MUMBAI: Securities and Exchange Board of India (SEBI) Chairman Tuhin Kanta Pandey said on Saturday that the markets watchdog is easing regulatory processes to help non-resident Indians (NRIs) invest in Indian equity markets.
The regulator is working on simplifying procedures so that NRIs do not have to travel back to India to comply with know-your-customer (KYC) requirements.
“We are yet to establish an easy and secure KYC access system for NRIs to facilitate their participation in the securities market. This will be an urgent goal for us,” Pandey said at an event organised by the Bombay Stock Exchange Brokers’ Forum here on Saturday.
SEBI is in touch with the Reserve Bank of India (RBI) and the Unique Identification Authority of India (UIDAI) to create a system where NRIs can complete their KYC verification through video calls instead of having to travel back home, he added.
It may be noted that there are over 3.5 crore NRIs globally, and India is the world’s largest recipient of remittances, having received $135 billion in FY25.
Pandey said that, having already decided in September to create a single window for trusted foreign portfolio investors (FPIs) with lighter compliance requirements, SEBI’s “immediate goal” is to make the FPI registration process simple and fast by making it fully portal-based.

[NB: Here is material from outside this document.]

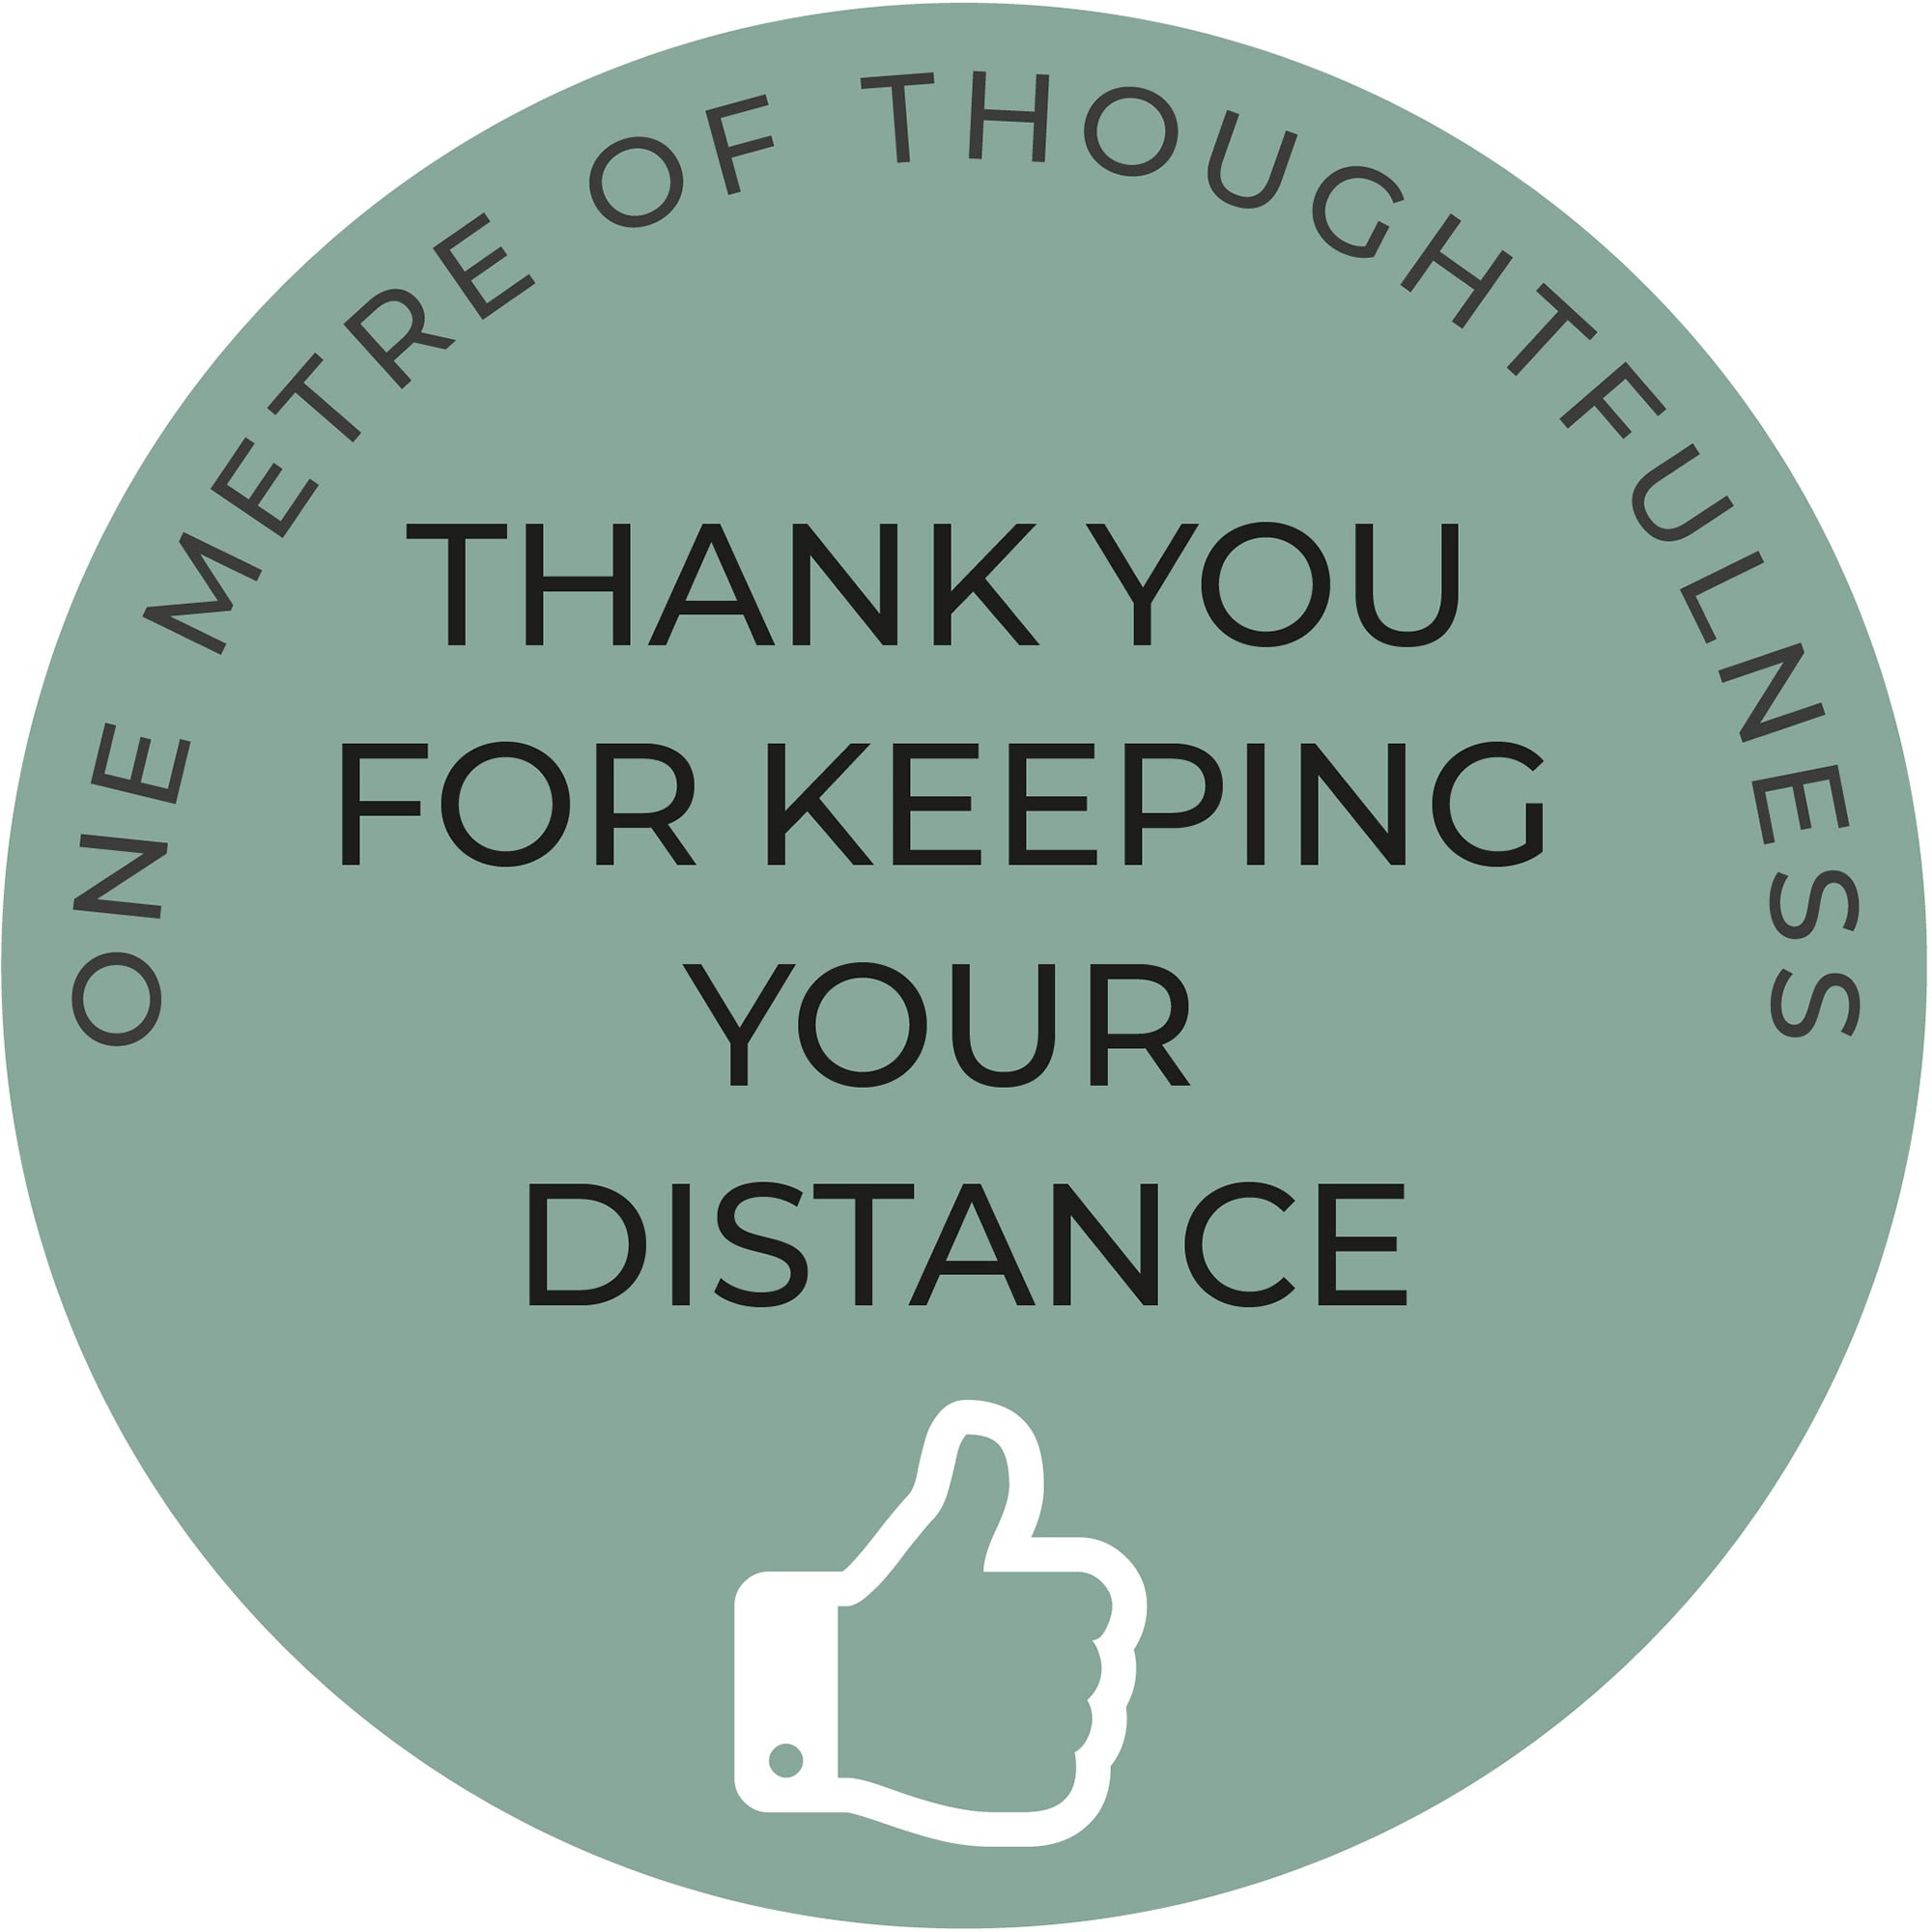 Thank you for keeping your distance

“We are already consulting our stakeholders to implement it. We would like to be among the best in the world in terms of facilitating registration,” he said.
Pandey described the initiative as a “process issue” rather than one arising from risks, and said that SEBI, RBI and the Income Tax Department would need to work together to enable digitised registration.

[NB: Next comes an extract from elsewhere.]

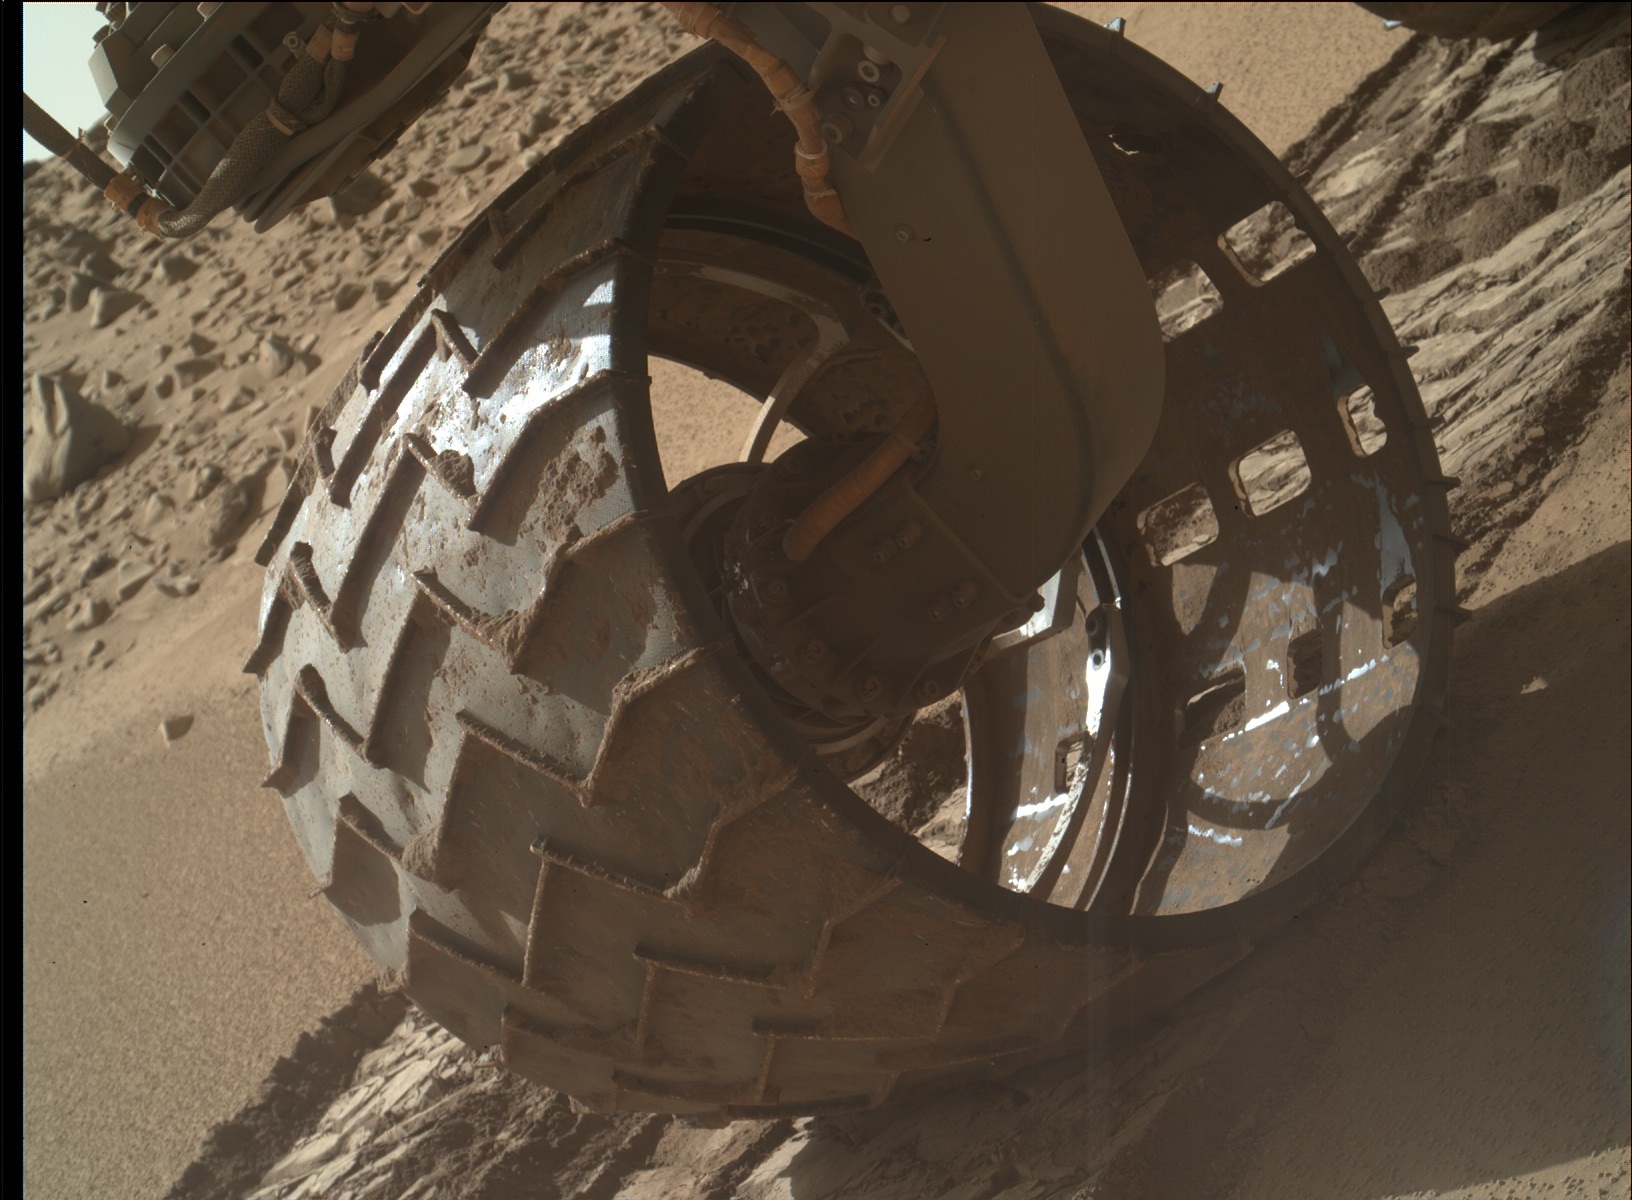 Nasa's Mars rover Curiosity acquired this image using its Mars Hand Lens Imager (MAHLI) on Sol 532, at drive 208, site number 26

Addressing the broker fraternity, Pandey said SEBI will complete rewriting broker regulations by December.
To strengthen cybersecurity, SEBI will issue guidelines on maintaining an “air gap” in consultation with market infrastructure institutions, he said.
He added that market infrastructure institutions are being stress-tested with live disaster recovery drills and that SEBI has implemented a redundancy model for clearing corporations, allowing operations to continue seamlessly if one clearing corporation goes down.

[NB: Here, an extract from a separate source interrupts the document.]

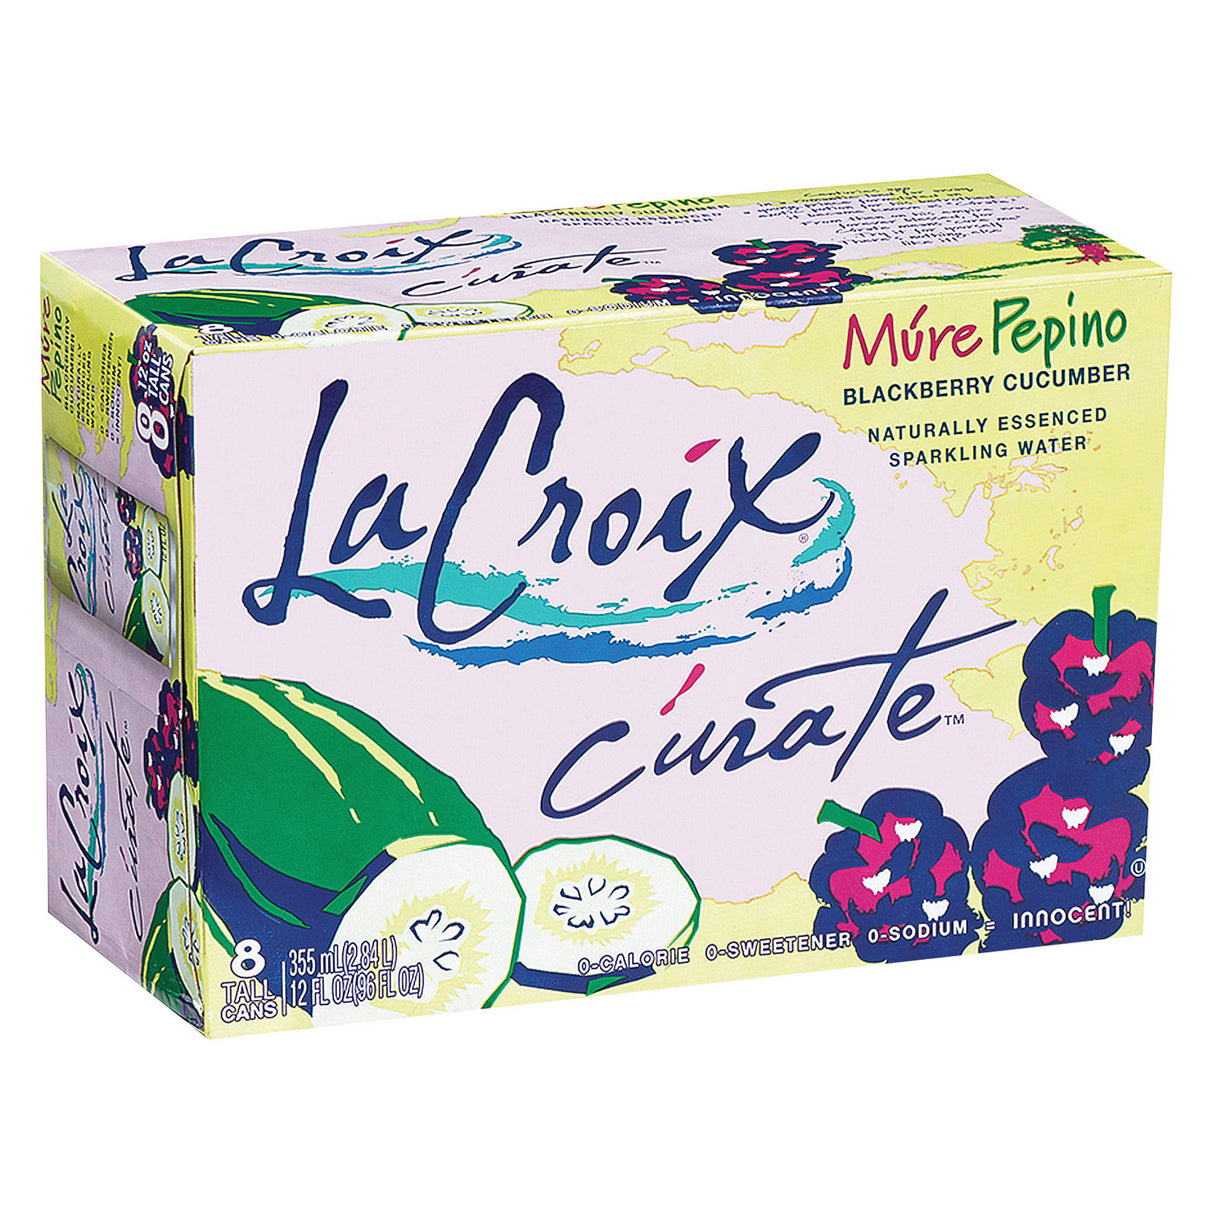 Lacroix Sparkling Water - Mure Pepino - 8 Fl Oz (Pack of 3) - Cozy Farm

“We are also examining the implementation of a safety net in case of an outage at a depository participant, similar to what exists for stockbrokers,” Pandey said.
On the surveillance front, SEBI is shifting from reactive supervision to predictive oversight, he noted, adding that the data warehouse system has been revamped to develop new role-based alerts to identify pump-and-dump patterns and detect fraudulent trades in bulk deals.
Algorithmic and high-frequency trading have seen significant growth in recent years and now account for a substantial share of volumes in both equity and derivatives markets, Pandey said.
“We will constantly update our regulatory framework in this regard to ensure a fair, transparent and resilient market,” he added.
Noting that cash equity volumes are hovering around ₹1 trillion daily, Pandey said there is a need for further deepening of the market. SEBI will review the stock lending and borrowing mechanism (SLBM) framework in line with risk management principles to achieve this objective, he added.
On the short-term derivatives market, Pandey said SEBI will be “thoughtful and consultative” while suggesting measures to improve market depth, keeping in mind investor suitability and risk awareness.
Urging stakeholders to be more innovative, he said a resilient market requires diverse instruments for capital raising and risk management.
Amid lukewarm investor response to the ‘Chhota SIP’ initiative, Pandey said the product has significant potential and assured that SEBI will remove barriers to its growth.
Commodity derivatives, he added, have the potential to benefit the country, and SEBI will help resolve key issues related to taxation, delivery and GST in this segment.